Montana Skies, Childhood Wounds

Chaske Spencer plays an alcoholic Blackfoot Indian man whose wife has run away in “Winter in the Blood,” set in Montana. Credit KBD Photography/Kino Lorber
Chaske Spencer plays an alcoholic Blackfoot Indian man whose wife has run away in “Winter in the Blood,” set in Montana. Credit KBD Photography/Kino Lorber

‘Winter in the Blood,’ a Drama About Alcoholism

By JEANNETTE CATSOULIS

WINTER IN THE BLOOD

Opens on Wednesday, Aug 20, 2014

Directed by Alex Smith

and Andrew Smith

1 hour 38 minutes; not rated

Like its broken antihero, an alcoholic Blackfoot Indian named Virgil First Raise (Chaske Spencer), “Winter in the Blood” lacks energy and volition. What it doesn’t lack is compassion, either for the wounds of childhood or the trap of ethnicity.

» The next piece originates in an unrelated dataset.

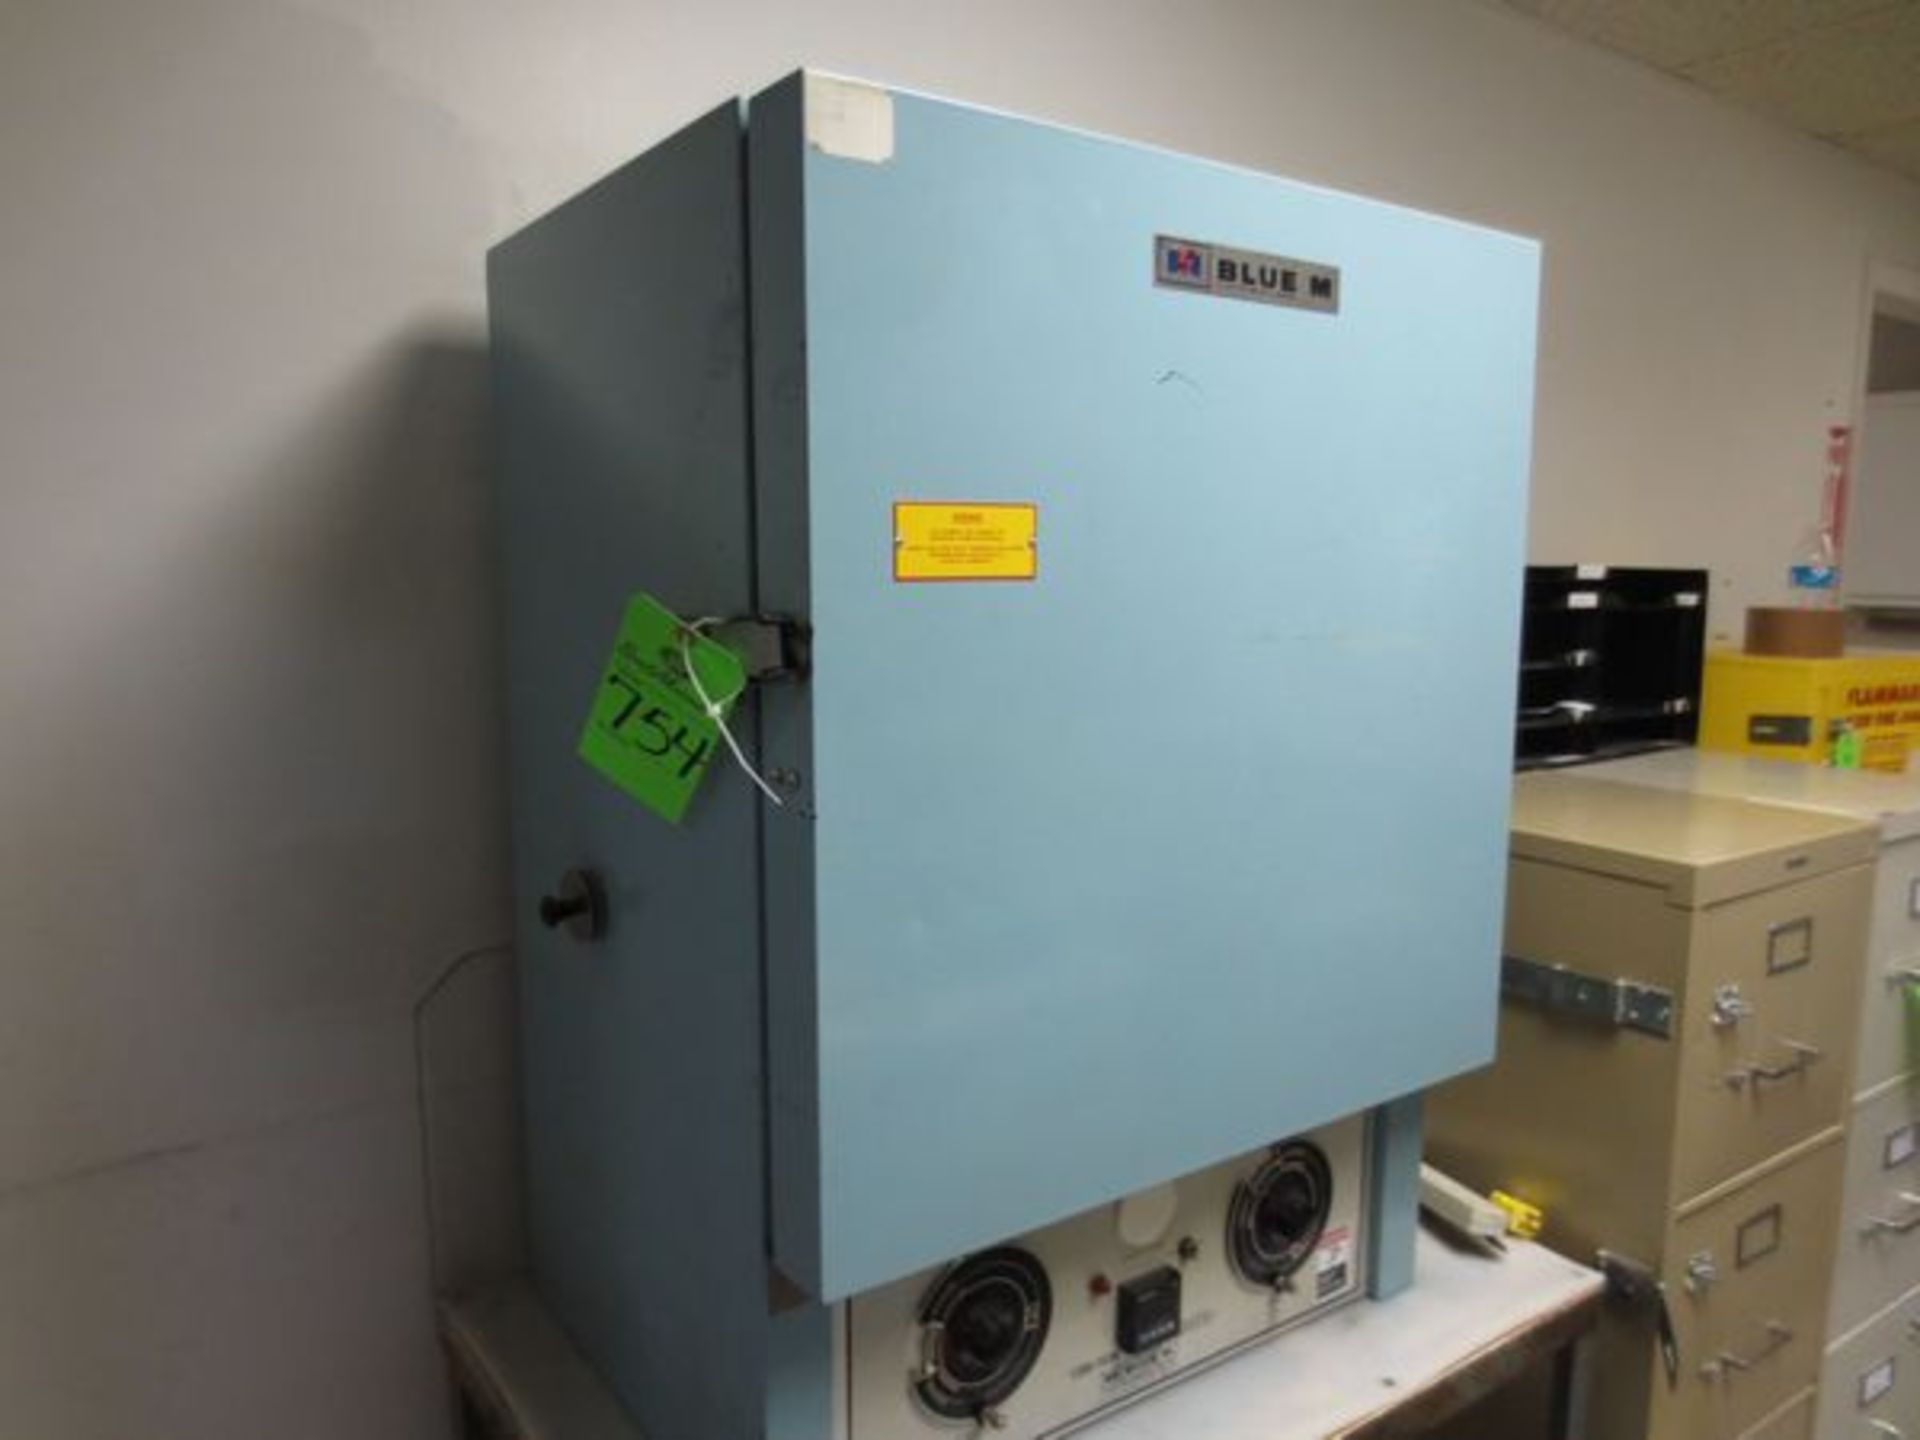 Blue M Constant temputure cabinet   ***(Late Delivery July 28)***

Filming in their home state, Montana, the brothers Alex Smith and Andrew Smith (adapting a 1974 novel by the Native American writer James Welch) sweat to translate Virgil’s existential pain into a visual narrative. Scenes dissolve and bleed into one another as he staggers between a small, arid town and the farmhouse he shares with his tart-tongued mother and his silent grandmother. Rarely without a flask or bottle at his lips (we first meet him passed out in a ditch), Virgil has a bloated, tipsy gait and a lost-boy look. He also has a runaway wife and a black hole where his identity should be.

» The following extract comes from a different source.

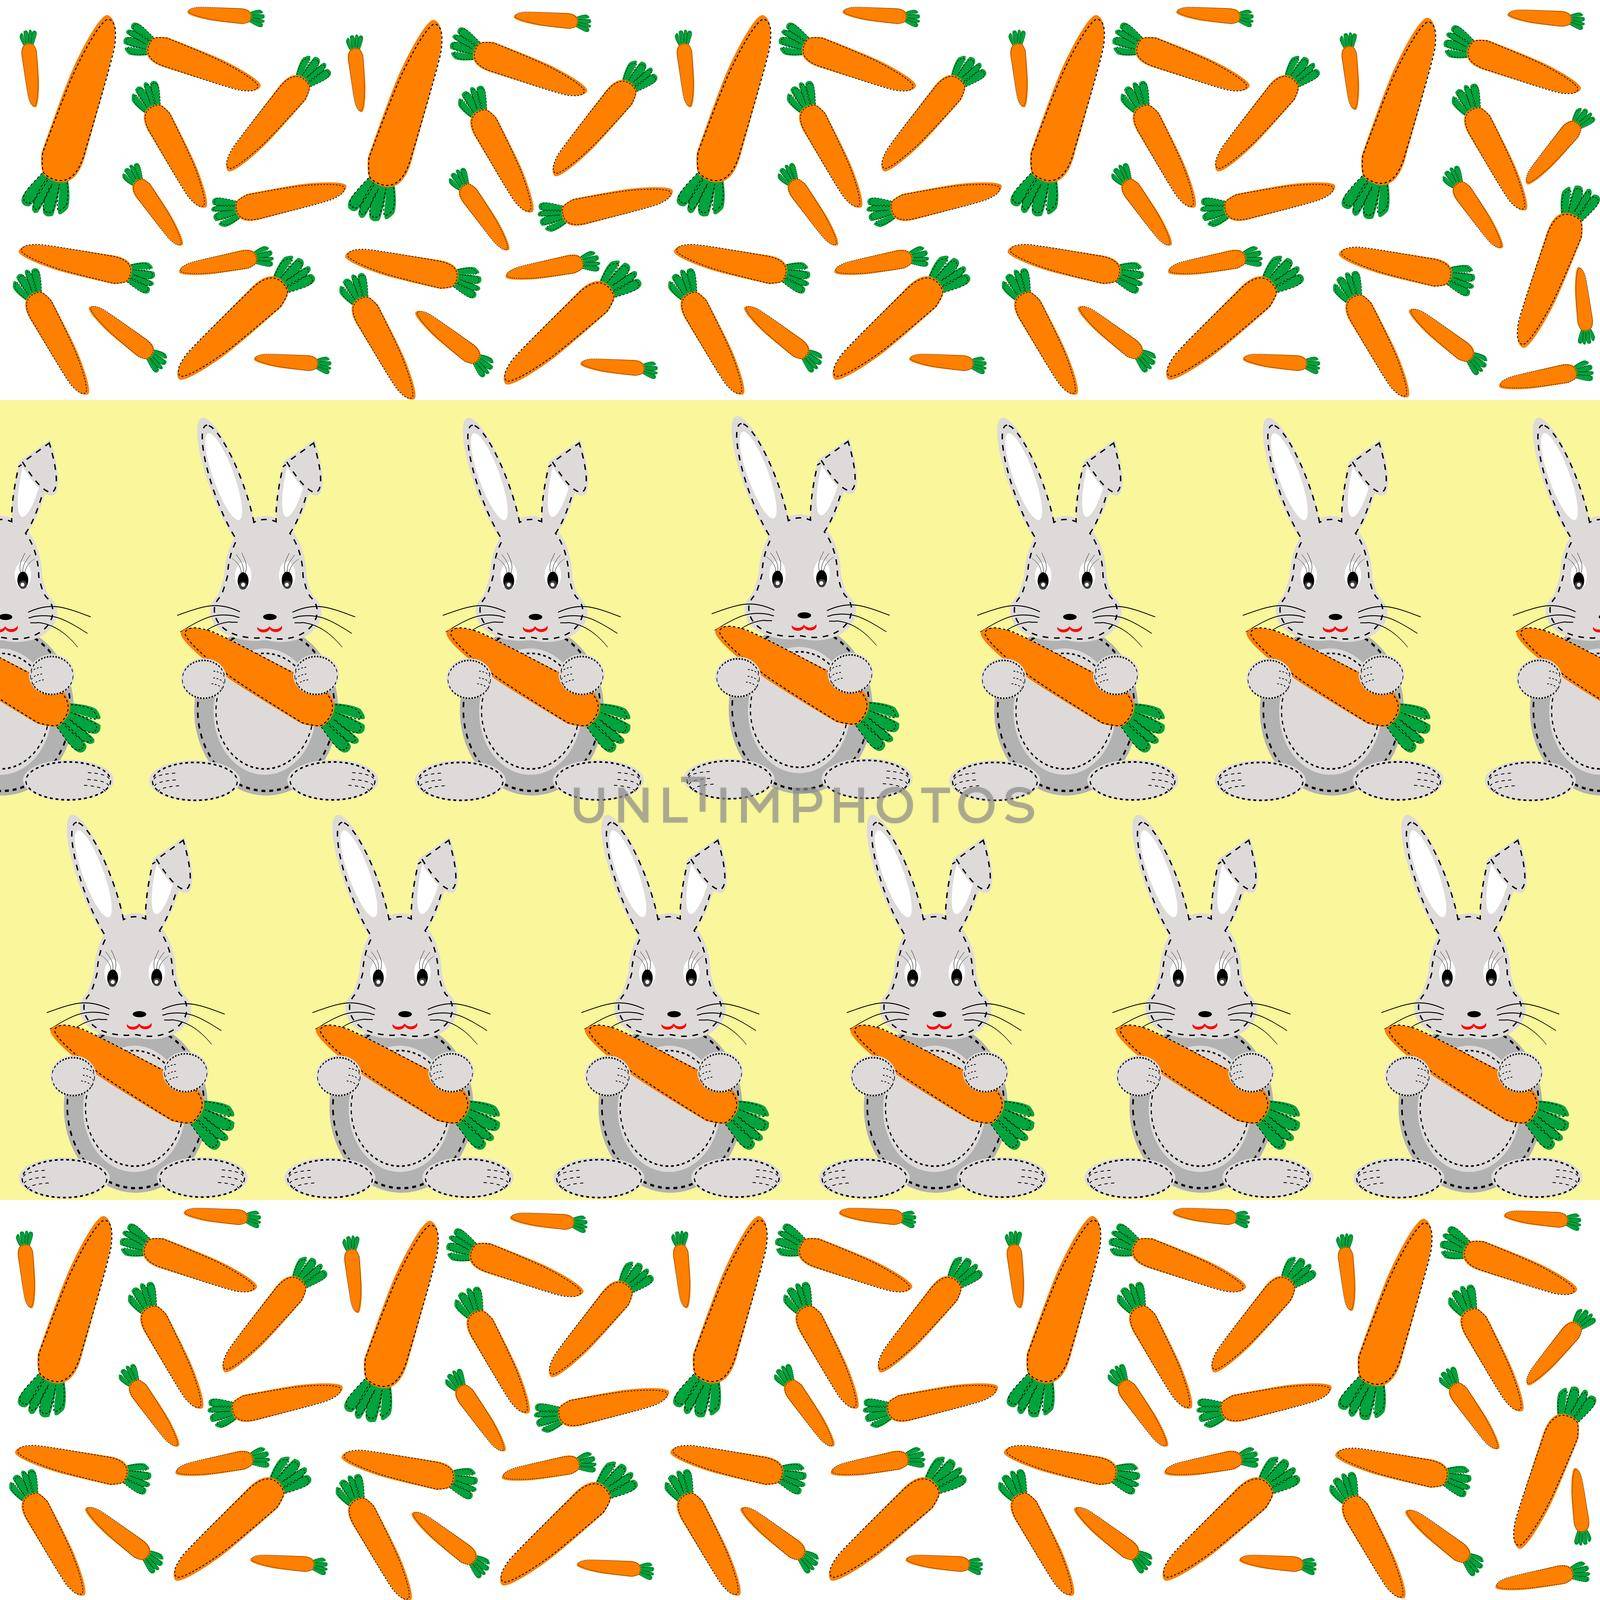 Rabbits and carrots seamless pattern on yellow background by hibrida13

Similar to the brothers’ previous feature, “The Slaughter Rule” (2002), “Winter” buckles beneath male conflict and heavy-handed metaphors. But the cinematographer, Paula Huidobro, captures the Montana plains and infinite skyline in wide, lyrical sweeps, while gauzy cross-fades parallel the ebb and flow of Virgil’s memories and hallucinations. Real and surreal weave together, and an impeccably chosen soundtrack — by, among others, the Heartless Bastards and Robert Plant — reinforces a mood that veers from dreamy to violent with shocking suddenness.

The journey from page to screen may have battered Mr. Welch’s novel, but its lamenting heart beats loud and clear.